Nicolas Kazadi, Ministre des Finances ; Adèle Kayinda, Ministre d’État en charge du portefeuille ; et Antoinette Nsamba, Ministre des Mines ; sont les trois membres du gouvernement impliqués dans un scandale minier qui fait perdre à l’État congolais 500 millions de dollars américains le mois.
L’information est révélée par le Député National, élu de l’UNC dans la ville de Bukavu au Sud-Kivu, Alfred Maisha Bishobibiri qui a déposé ce mercredi 24 août, une question écrite aux trois ministres concernés, au sujet de la signature d’un accord de jointe-venture dans l’exploitation des minerais dans les provinces du Nord-Kivu, Sud-Kivu et Maniema.
Il s’agit, d’après cet élu national, de la Société Primera, des droits des Emirats arabes unis, qui est bénéficiaire de cet accord dans lequel, il est convenu de la création de deux Sociétés Primera RDC (Primera Gold et Primera Meltas) pour l’or et pour les trois T.
L’élu de l’UNC met à nu une mafia qui caractérise ce contrat, car dans la création de ces sociétés, chaque Société Primera n’apporte que 20.000 USD, 9.000 USD du gouvernement et 11.000 USD de Primera.
Par ailleurs, un monopole d’exploitation des minerais pendant 25ans a été accordé à Primera dans toutes ces provinces et la RDC s’engage de son côté à engager la Société Sakima à signer un accord avec Primera pour 25 ans de commercialisation des minerais, mais également un régime fiscal privilégié a été accordé à cette Société, mais aussi plusieurs exonérations inégales.

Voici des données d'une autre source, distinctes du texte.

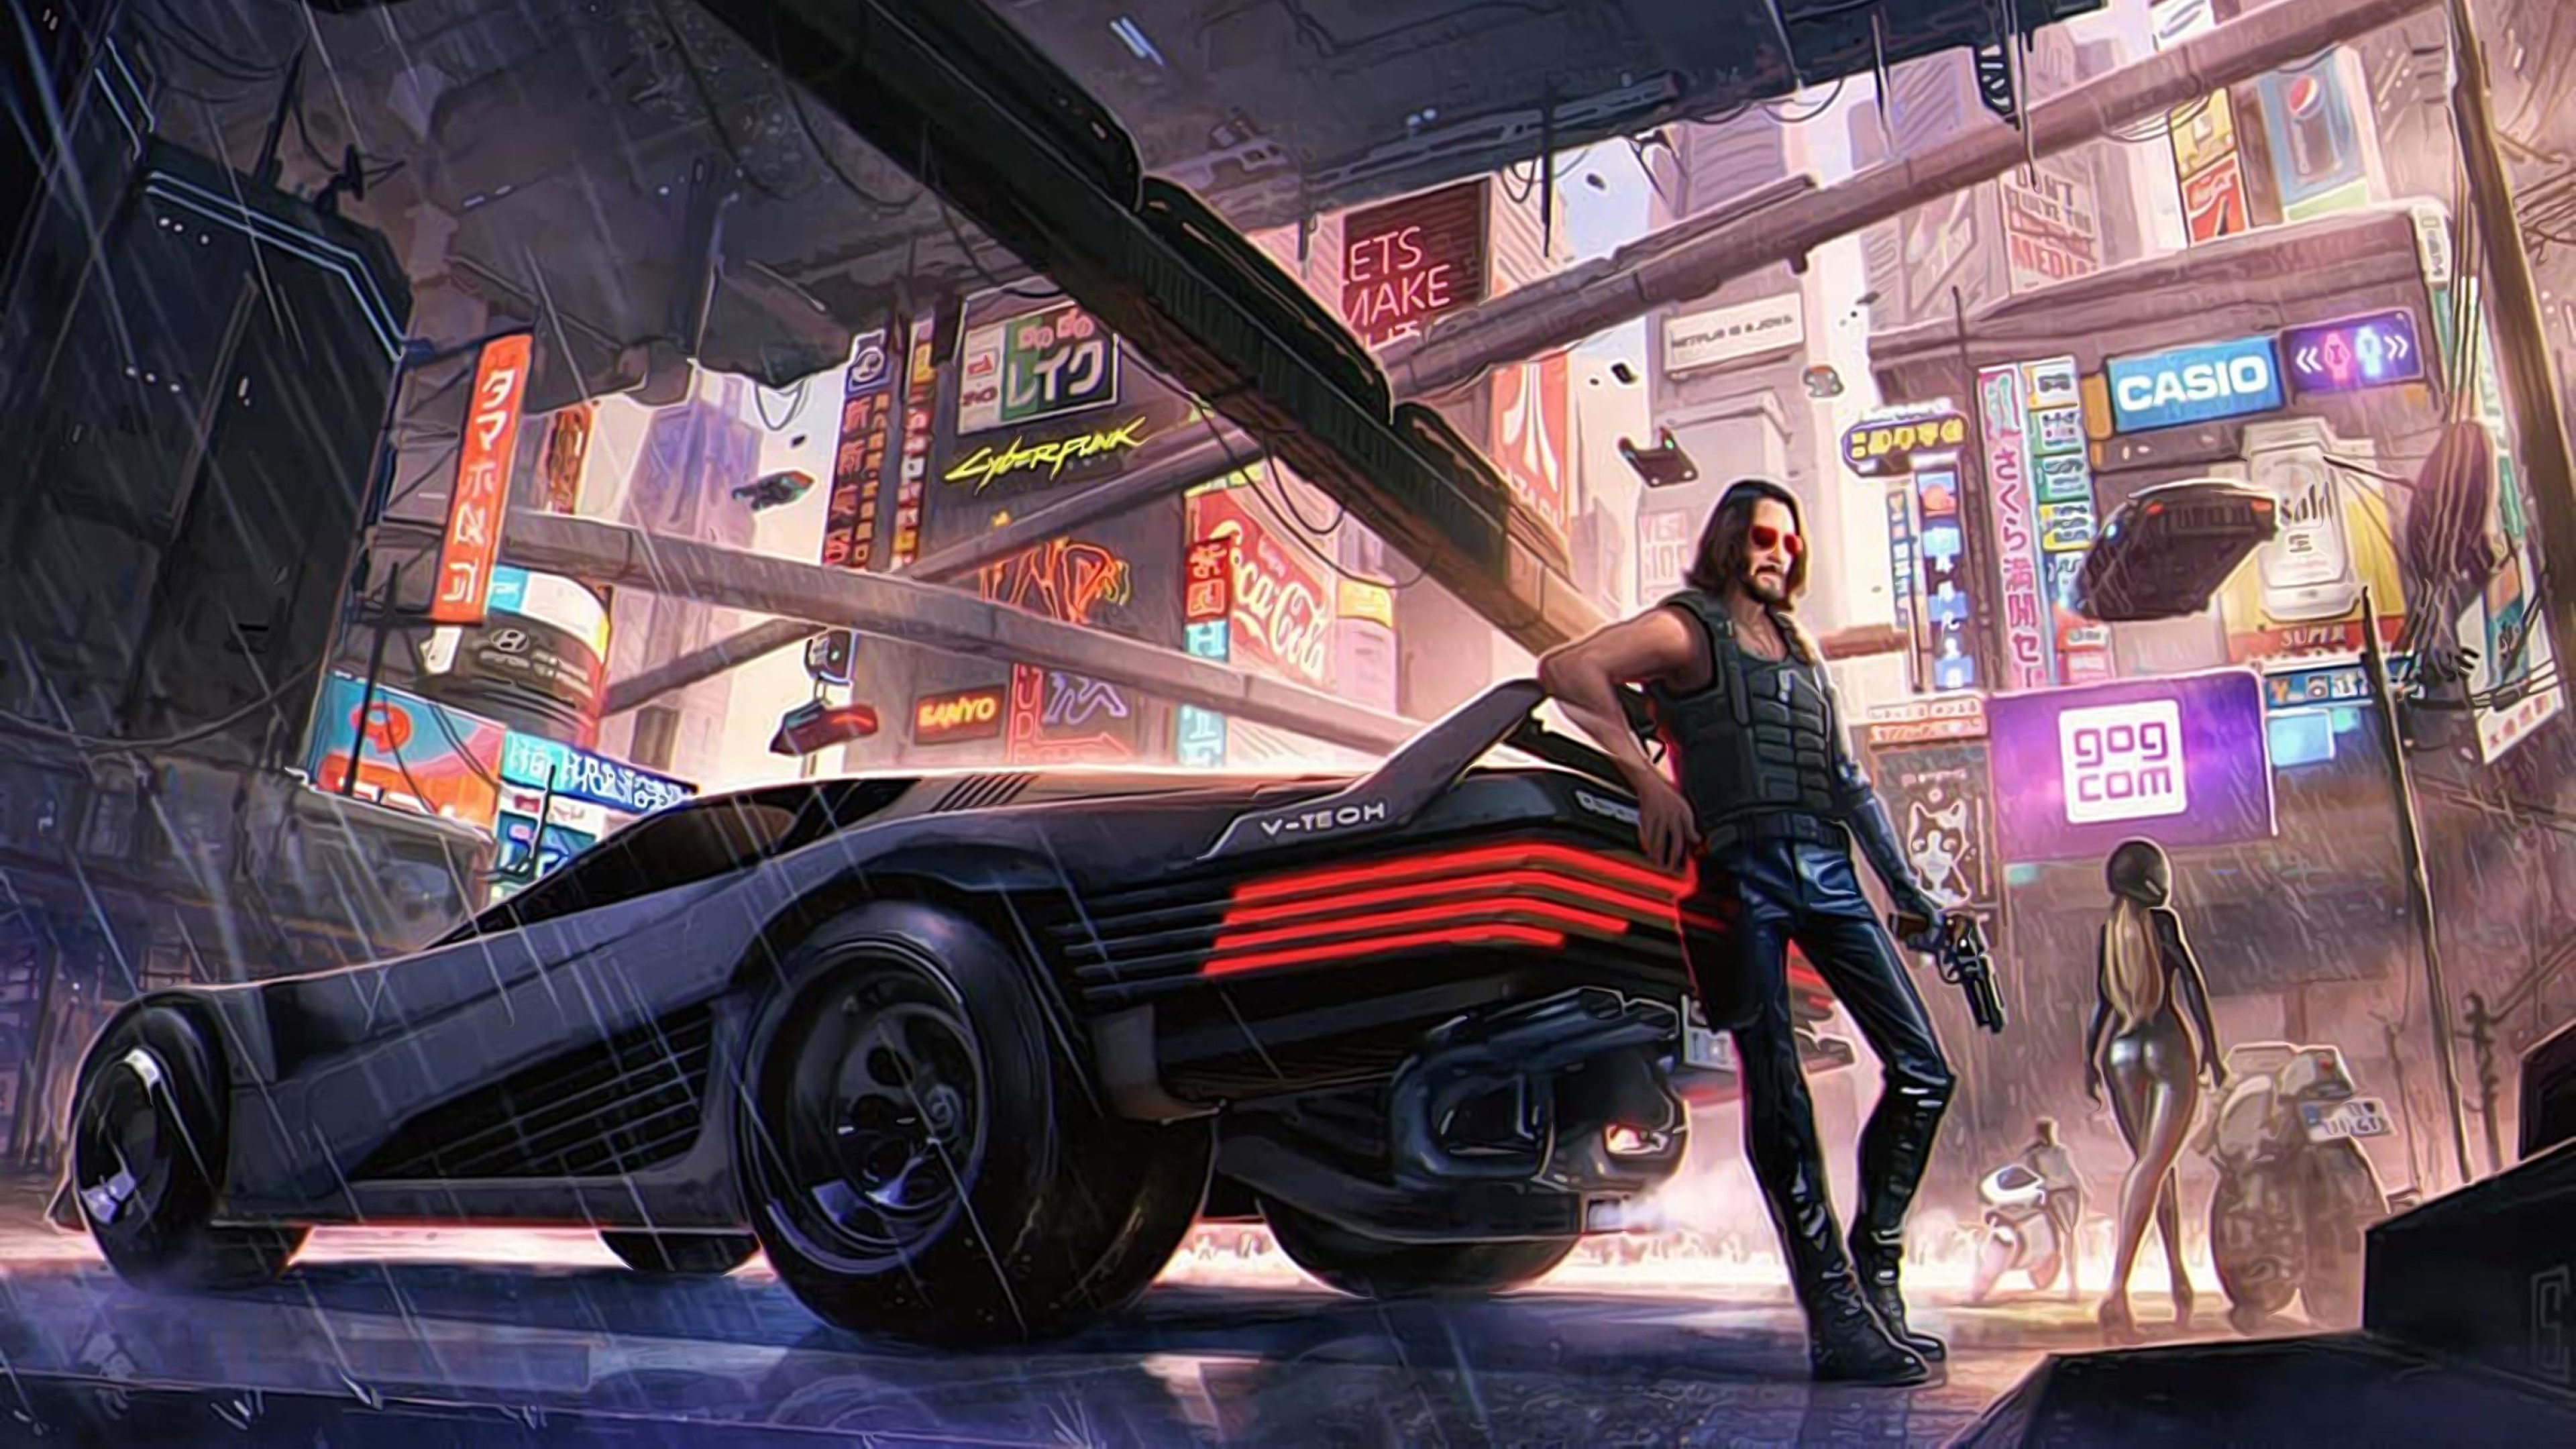 3840x2160 Keanu Reeves Cyberpunk 2077 Art 4K Wallpaper, HD ...

« À l’exportation du Coltan, Primera payera 3,5% de la valeur de cargaison des marchandises alors que les sociétés congolaises ayant des titres congolais payent 12%. À voir le flux, la République dyémocratique du Congo perd par mois, plus de 500 millions de dollars américains pour les trois provinces », révèle Alfred Maisha.
Au regard de ce bradage des minerais congolais, Alfred Maisha Bishobibiri, accuse ces trois membres du gouvernement d’avoir violé le texte de réglementation du secteur, car le régime conventionnel a été abrogé par le nouveau Code minier, où toutes les sociétés sont traitées de la même manière.
S’agissant du règlement du contentieux, le contrat donne de l’avantage à Primera face à l’État congolais. Ce qui met en mal cet élu du Sud-Kivu, qui ne jure que sur l’annulation de cette Convention afin que l’État congolais recouvre ses droits.